From: Alan Cox <alan@cymru.net>
To: dplatt@jumble.3do.com (Dave Platt)
Date: 	Mon, 29 Jan 1996 11:29:33 +0000 (GMT)
Cc: linux-net@vger.rutgers.edu
In-Reply-To: <9601281959.AA13994@rhett.3do.com> from "Dave Platt" at Jan 28, 96 12:00:34 pm

> When NFS runs over UDP (as it usually does) it becomes exquisitely (I'll say
> "excruciatingly") sensitive to the loss of any packets.  If you lose even
> one of the packets in an RPC reply, the entire RPC times out, the other
> packets are discarded, and the whole RPC must be retried.

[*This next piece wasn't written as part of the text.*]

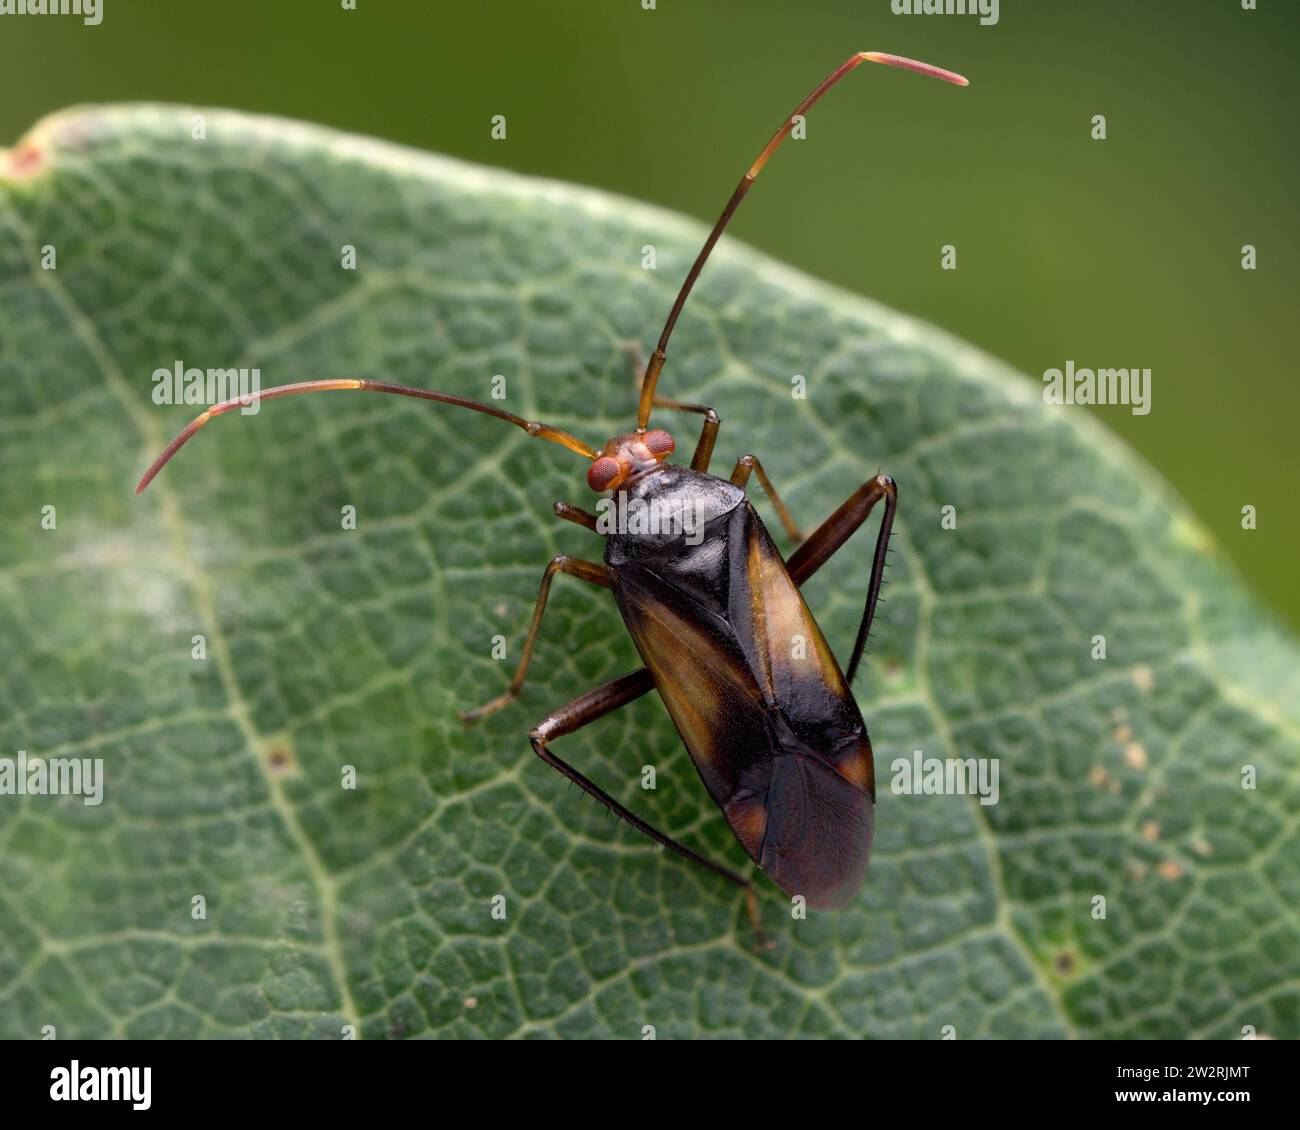 Megacoelum-Infusum-Mirid-Käfer auf Eichenblatt. Tipperary, Irland Stockfoto

No. The only problem is that Sun persisted in doing stupidly large NFS block
request sizes that exceed the MTU of the network link. If you are doing
Linux<->Sensible NFS each RPC fits into one packet and no problems occur.

> [1] Continue to use RPC-over-UDP, do send multiple requests, but keep the
>     number and size of these requests relatively small.  For example, send
>     two 4k-byte requests instead of one 8k-byte request.  When you get the
>     last packet back for the first request, you can request the next 4k.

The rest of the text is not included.